Additional Relevant Information:
The refinery encompasses an area measuring 2000 feet by 1400 feet. The Claus unit is located in the most northern part of the refinery, approximately 1350 feet from the main refinery access gate to the south. The polymerization unit is operating directly adjacent to the Claus unit.
The nearest residential community is located approximately 1000 feet to the northeast of the refinery.
A plastic recycling plant is located along the south fence boundary of the refinery.
A major interstate highway runs directly parallel to the plant, approximately 1/4 of a mile directly north of the refinery.
The ambient temperature on the day of the incident was 85° F and the wind was blowing at 7 mph from the southwest to the northeast.

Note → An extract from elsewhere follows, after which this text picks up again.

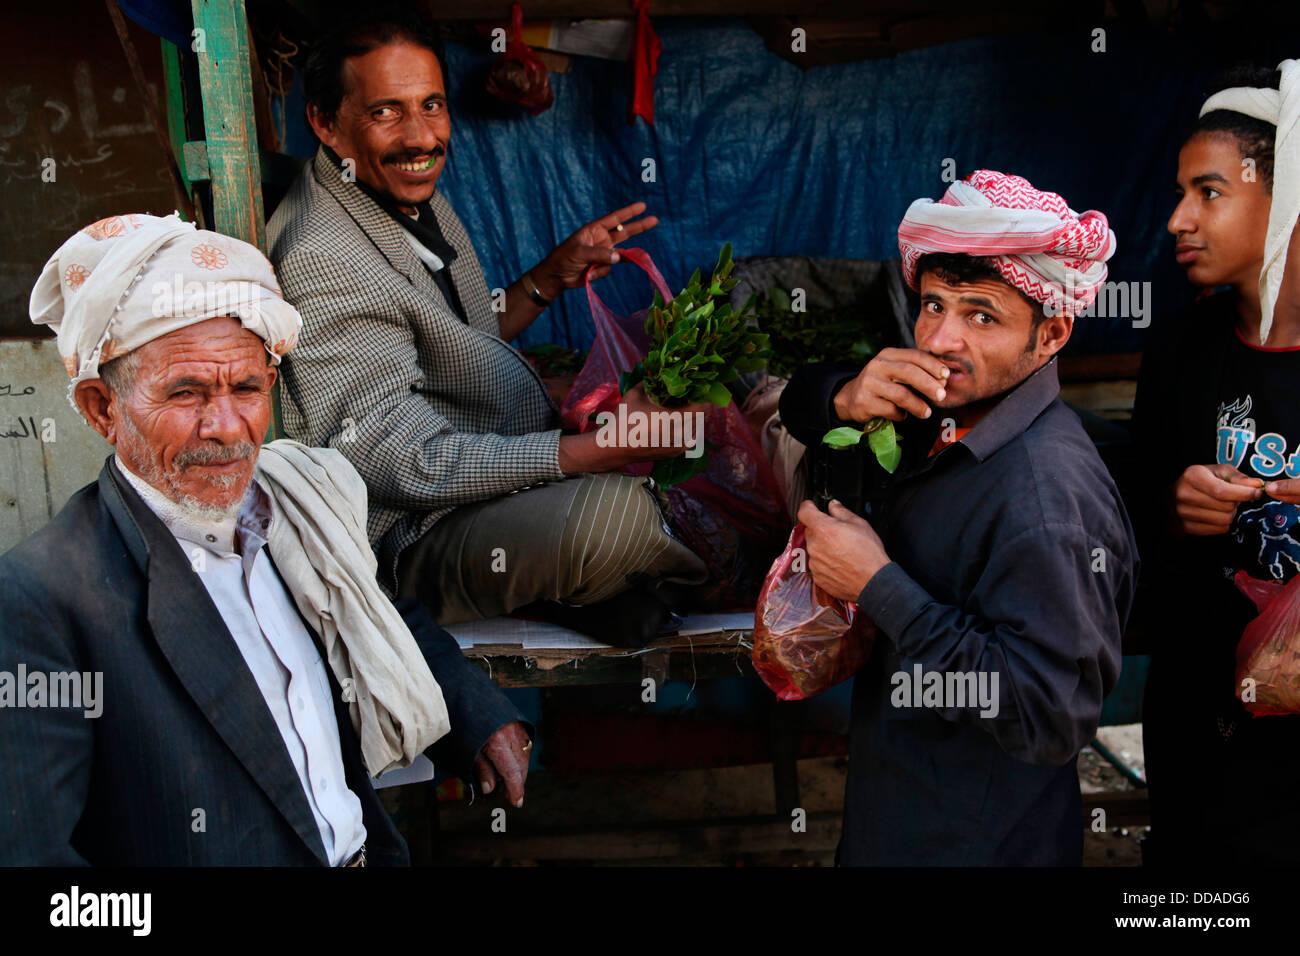 Kaht vendor in Sana'a, Yemen. - Stock Image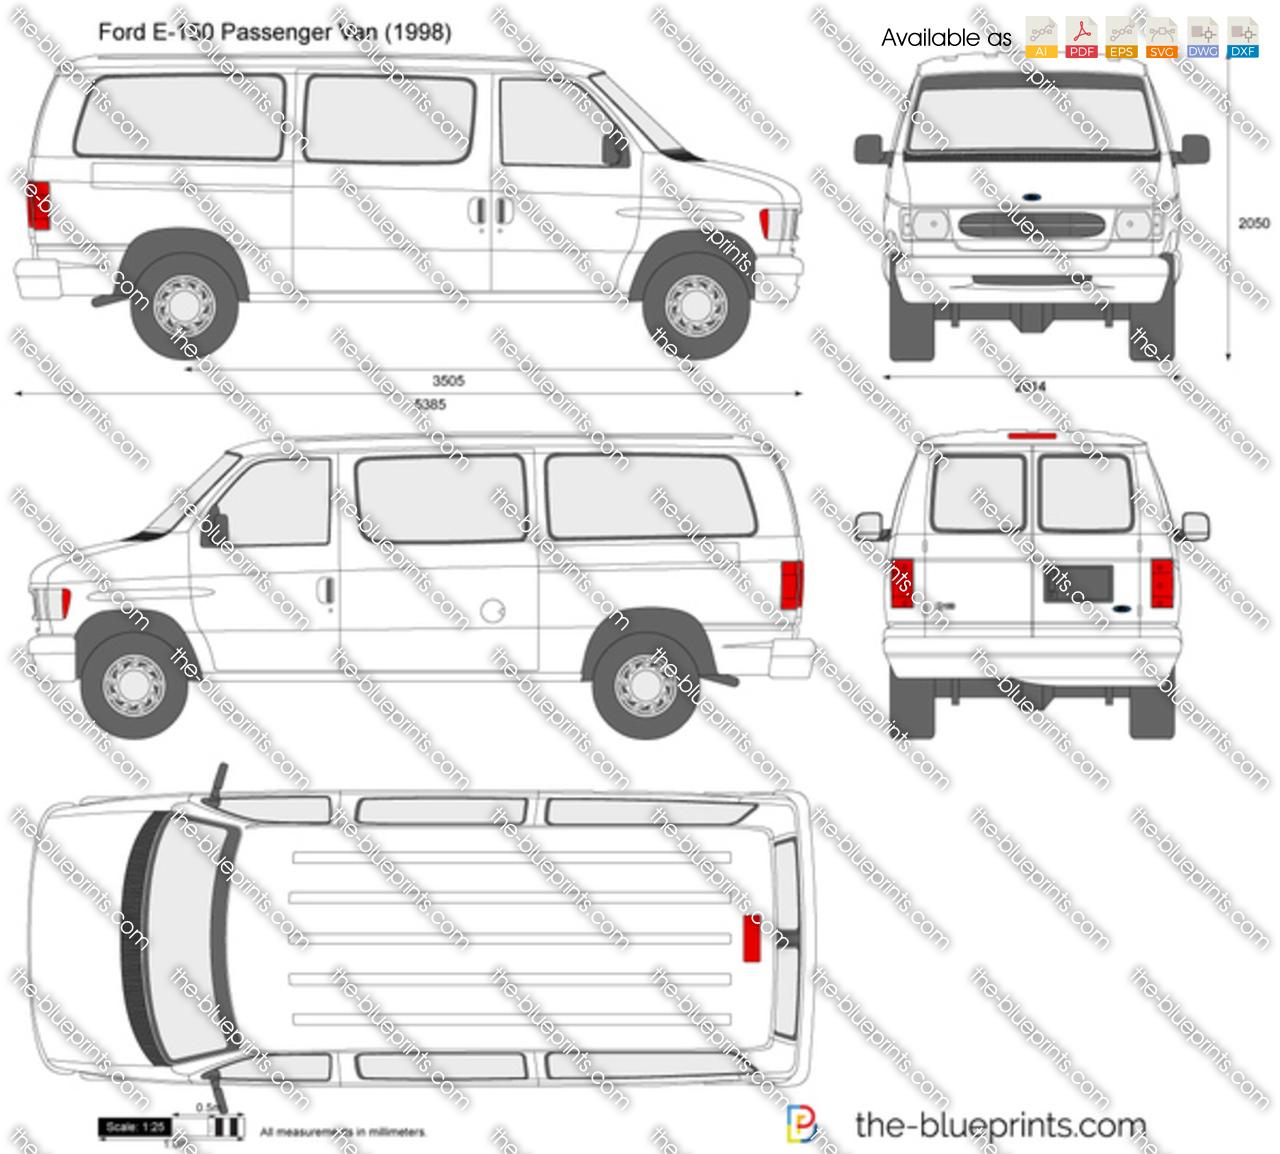 Ford E-150 Passenger Van Vector Drawing

Work crews were scheduled to work 12-hour shifts, 24-hours a day, to complete the refinery turnaround.
Due to the age of the refinery, SJV has implemented a robust mechanical integrity program.
The refinery has a trained ERT that can respond to incidents.
Fixed water monitors are present throughout the refinery to extinguish refinery equipment fires. The refinery ERT does not fight fires past the incipient stage.
The refinery has received notices of violation (NOVs) from the local air district in the past several years due to gas and liquid leaks from piping components, such as valves, compressor/pump seals, and for excess sodium dioxide (SO2) emissions related with their sulfur plant.
Due to historical discharges of organic compounds, groundwater monitoring wells are present down gradient of the facility. Groundwater underlying the plant has historically been encountered at 30 feet below ground surface.